Soft Greats: Teva, Dakine
I was in high school when Teva sandals first came out, and they were perfect for the stuff we did during those long summer holidays: lots of slacking off in and out of the water, paddling, sailing, hiking; I even wore mine on a ride once when I forgot my shoes – it wasn’t pretty but it worked out. In the years since, their product line has expanded considerably, but one thing that hasn’t changed is that their sandals still give you very strange tan lines.
Since their introduction to the bike world last summer, Teva has jumped in with both feet. From a few models that worked with flat shoes during their initial launch, Teva have added several more shoe models, some targeted at casual riding and now they’re taking aim at the clipped-in crowd as well with the pre-release of their new Pivot, which is being positioned as a clipless AM shoe.
A side view of Teva’s new (but not yet released) Pivot shoe. They were showing it in Black and grey as well as Reg and White.
The Pivot was a collaboration with Crank Brothers – the goal was to rethink the pedal/sole interface but there seems to be some clear thinking about some of the other parts of the shoe as well. Weight has been reduced wherever possible (mostly in the sole since rubber is heavy and not needed everywhere – remember this shoe is targeted at AM riding whereas lots of others that may look similar have more of a DH bias), and breathability was also made a priority, as well as the usual goals of good fit, durability, and the right amount of stiffness without compromising comfort and traction when hike-a-biking.

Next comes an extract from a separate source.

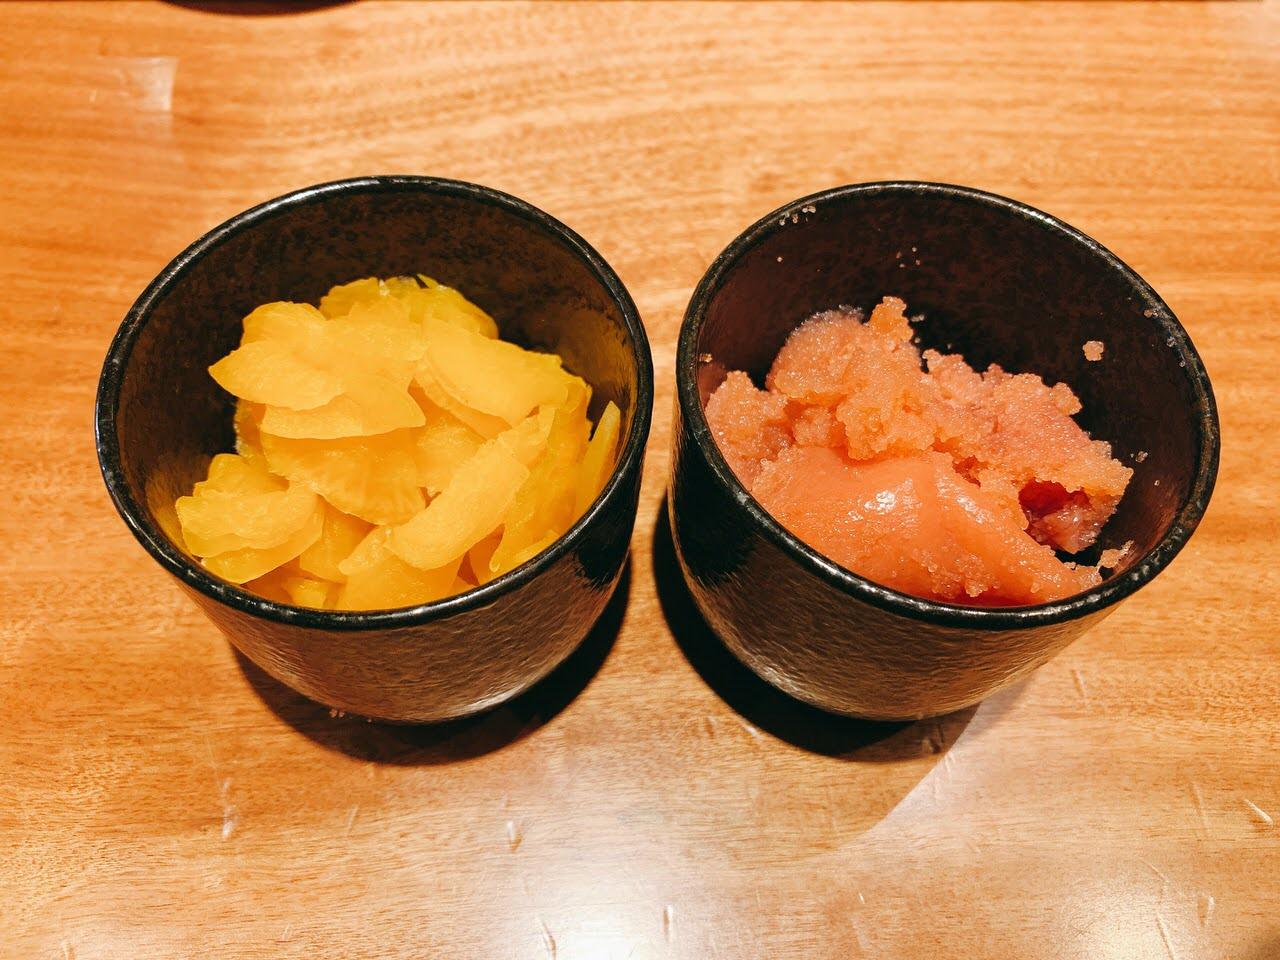 【大衆酒場きたぎん!】タラコ&漬物&ご飯が食べ放題の500円朝食「5種の小鉢の朝定食」 2

They were showing two colour options (black and grey pictured above, there was also a red and white version), but the shoes were pre-production prototypes with certain details missing, and contained in glass since patents are pending and that means they aren’t able to be shown to the public yet. We won’t know just how significant their collaboration with Crank Brothers will be until we get some to test (not until next year sometime). Release to the public is planned for July but they’re hoping to have test shoes available to the public at Sea Otter in 2013.
Also on display at Teva was a new for 2013 version of the Links shoe in a colour referred to on the bottom of the shoe as CR82. For now we’re calling it Poison Spider Blood.
Dakine is one of our favourite stops every year. They’re been friends of ours and great supporters for years, plus Sales Manager Chico Bukovansky has one of the best names in the biz. Chico was in rare form on this day, bouncing around the booth, showing off the latest Dakineness.
There’s a lot going on here, but the news is that Dakine now has a breathable DriMesh back panel (you’re looking at the side view of it). You’re looking at the Drafter in the new ever-present Palapa colour scheme.
Dakine’s ladies program is coming along nicely. It turns out that their entire design team is now female, and they all rip on bikes. Good news for you xx chromosoners out there.
The Descent jersey and short. On the left, Geoff Gulevich’s clothing script for Red Bull Rampage this year. On the right is what Thomas Vanderham will be wearing.
Dakine’s slightly more technical take on the Prince George dinner jacket. Called the Oakridge Flannel, it’s actually fashioned from woven quick dry polyester. Post ride you’ll be dressed perfectly for killing a case of Lucky behind the liquor store.
Others have begun to shamelessly copy the Dakine truck pad (Evoc, RC, Softride, Thule) nobody has managed to improve upon it. Except Dakine. On top of adding the Palapa styling (do NOT call it drug rug) Dakine has added straps to keep your bike from tipping or getting air on rough roads (and damaging your downtube).
Greg Minnaar’s World Championship winning Santa Cruz V10. Mud from Leogang mud still clinging to the frame.
Aaand Steve Peat’s custom-painted World Championship V-10. NOT made from Manchester steel. Check out the custom-painted Enve rims.
Do you think Teva is taking the right steps toward filling the gap in the AM clipless shoe category? What about all of these flat shoes we’re seeing without sticky rubber: non-starter for you, or not a big problem? What about Dakine and the new Palapa colourway? And, if you had some of those sexy carbon rims, would you let them be painted or keep the carbon in the nude? Speak!